## Problem to work on
Reproduce, without alteration, every line of the data; exclude the images.

## Information supplied
· · · · ·
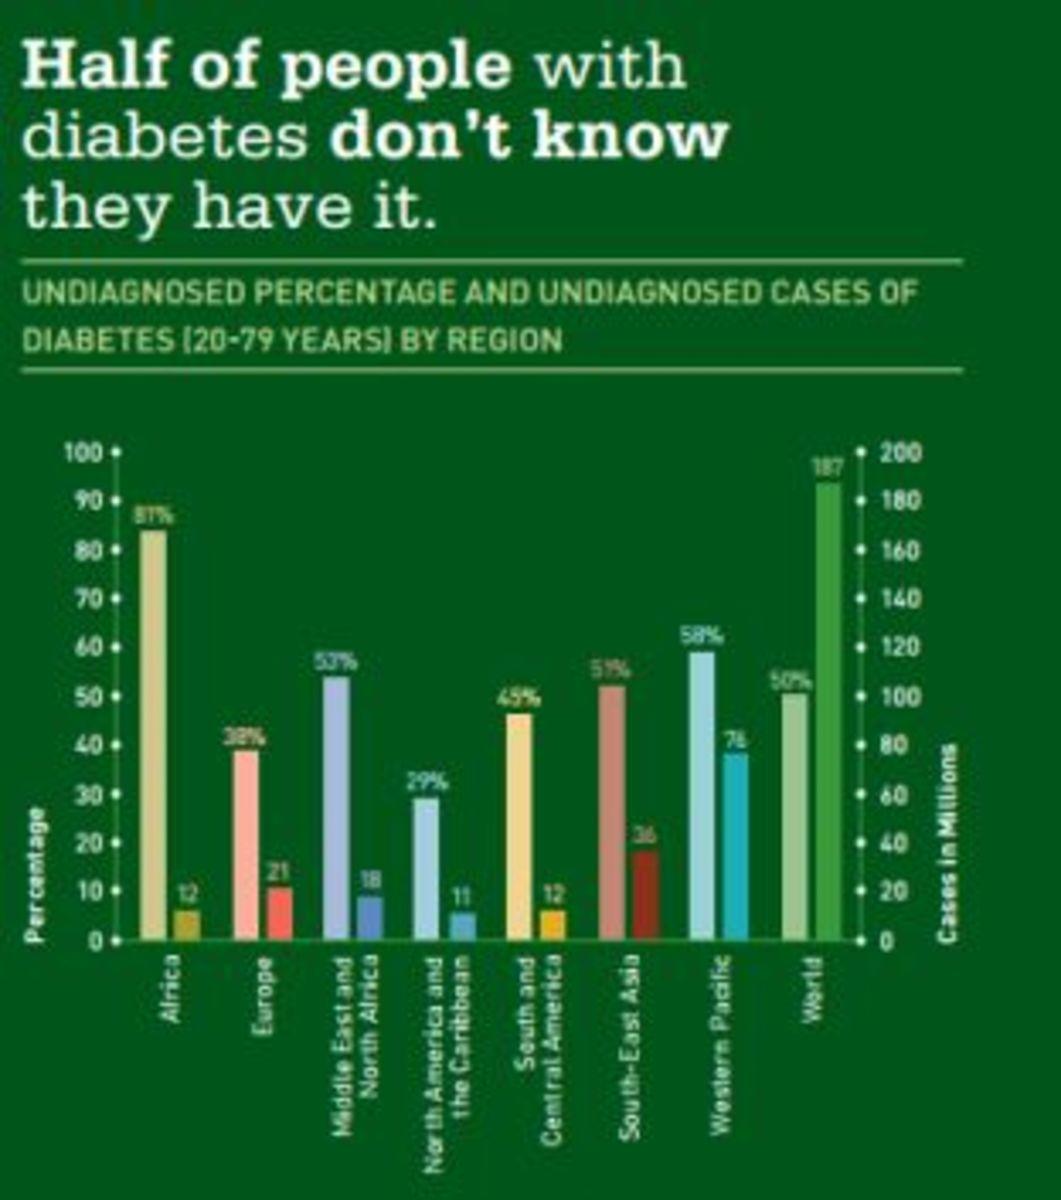 Prevalence of Diabetes by Region
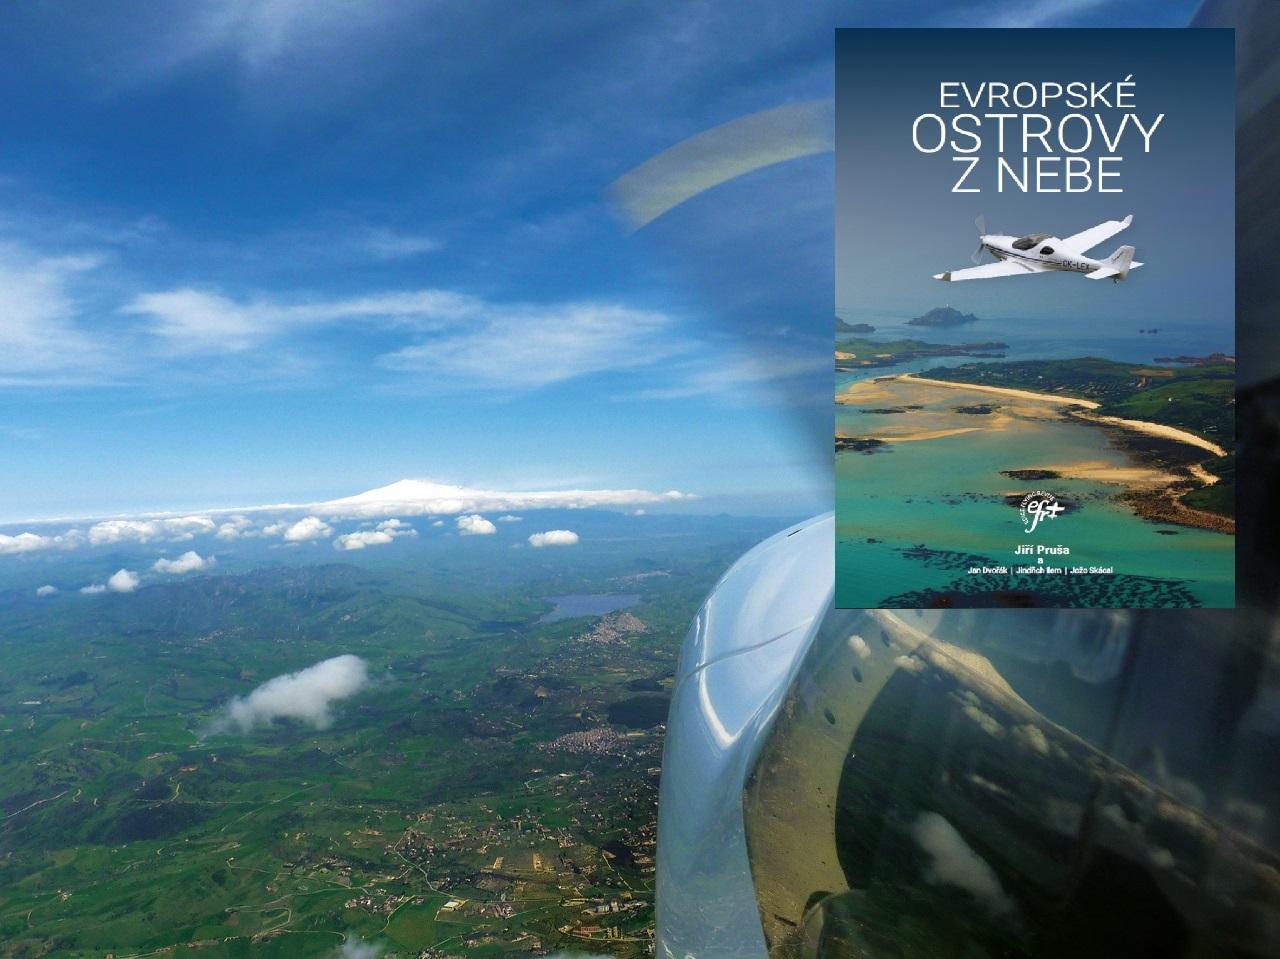 Právě vychází nejobsáhlejší kniha leteckých fotografií a reportáží z létání nad Evropou s názvem Evropské ostrovy z nebe
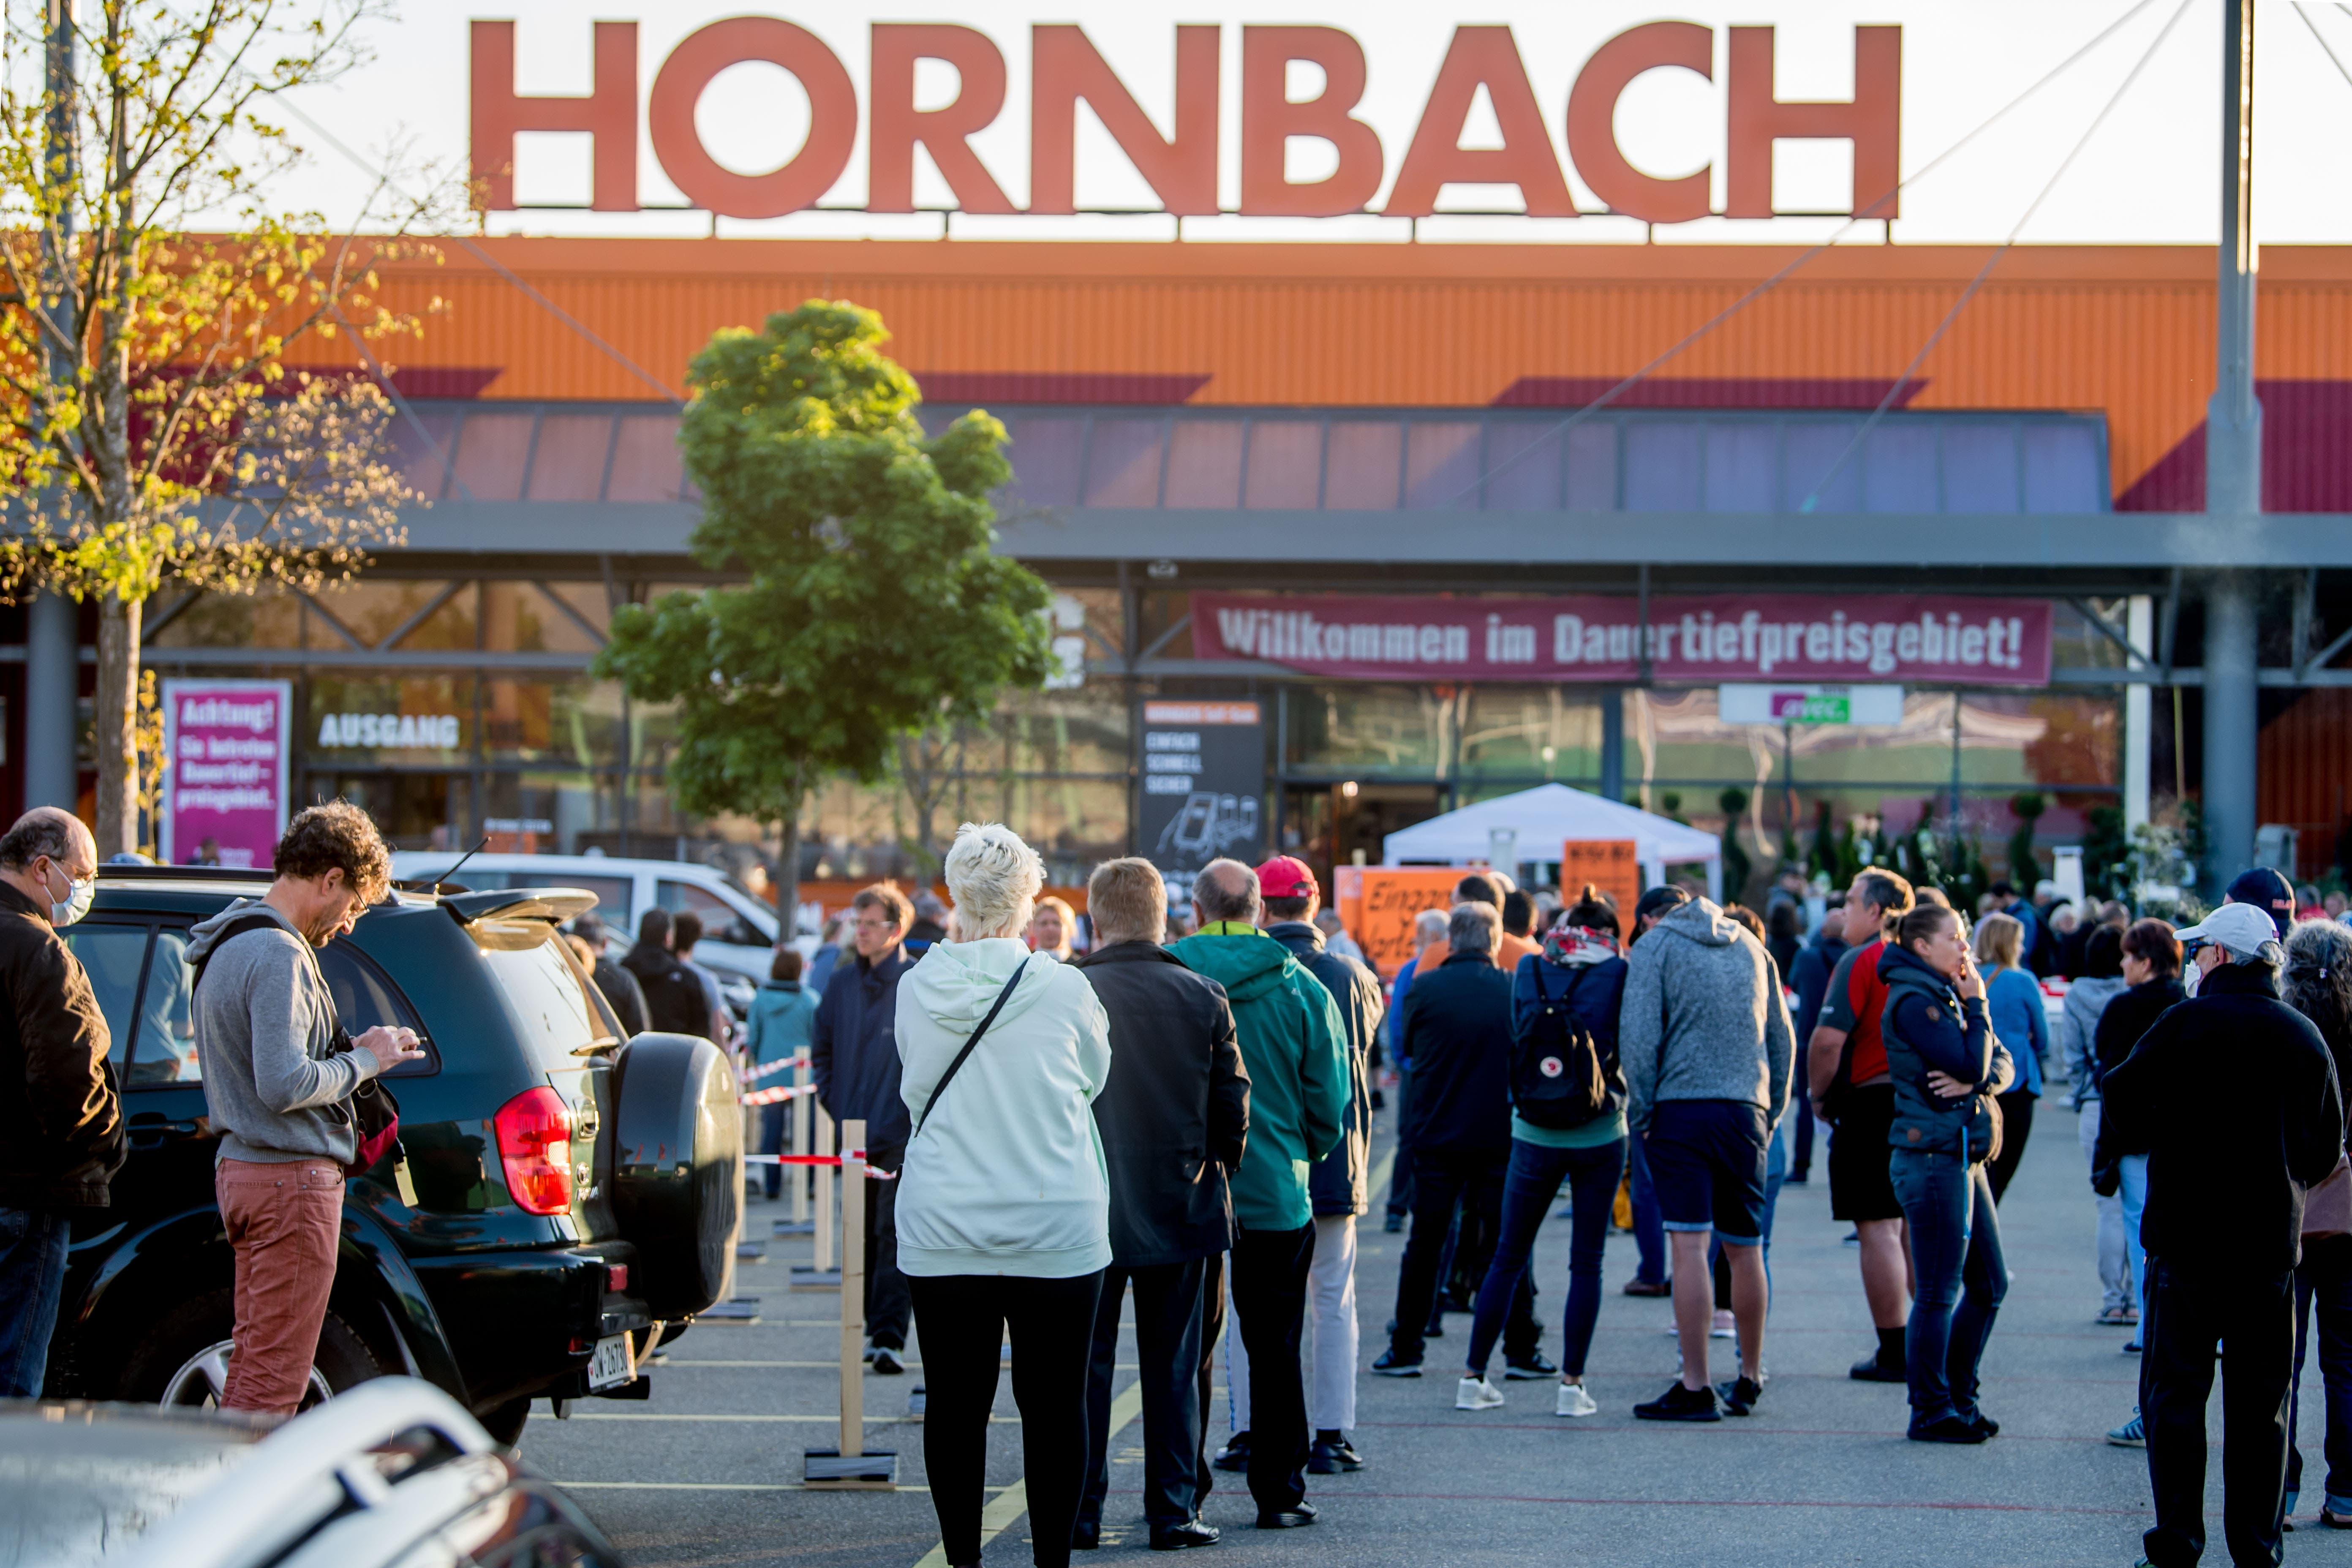 Montagmorgen, 7 Uhr vor dem Hornbach in Littau: Bereits hat sich eine lange Schlange gebildet.
· · · · ·
## Written answer
 Prevalence of Diabetes by Region
 Právě vychází nejobsáhlejší kniha leteckých fotografií a reportáží z létání nad Evropou s názvem Evropské ostrovy z nebe
 Montagmorgen, 7 Uhr vor dem Hornbach in Littau: Bereits hat sich eine lange Schlange gebildet.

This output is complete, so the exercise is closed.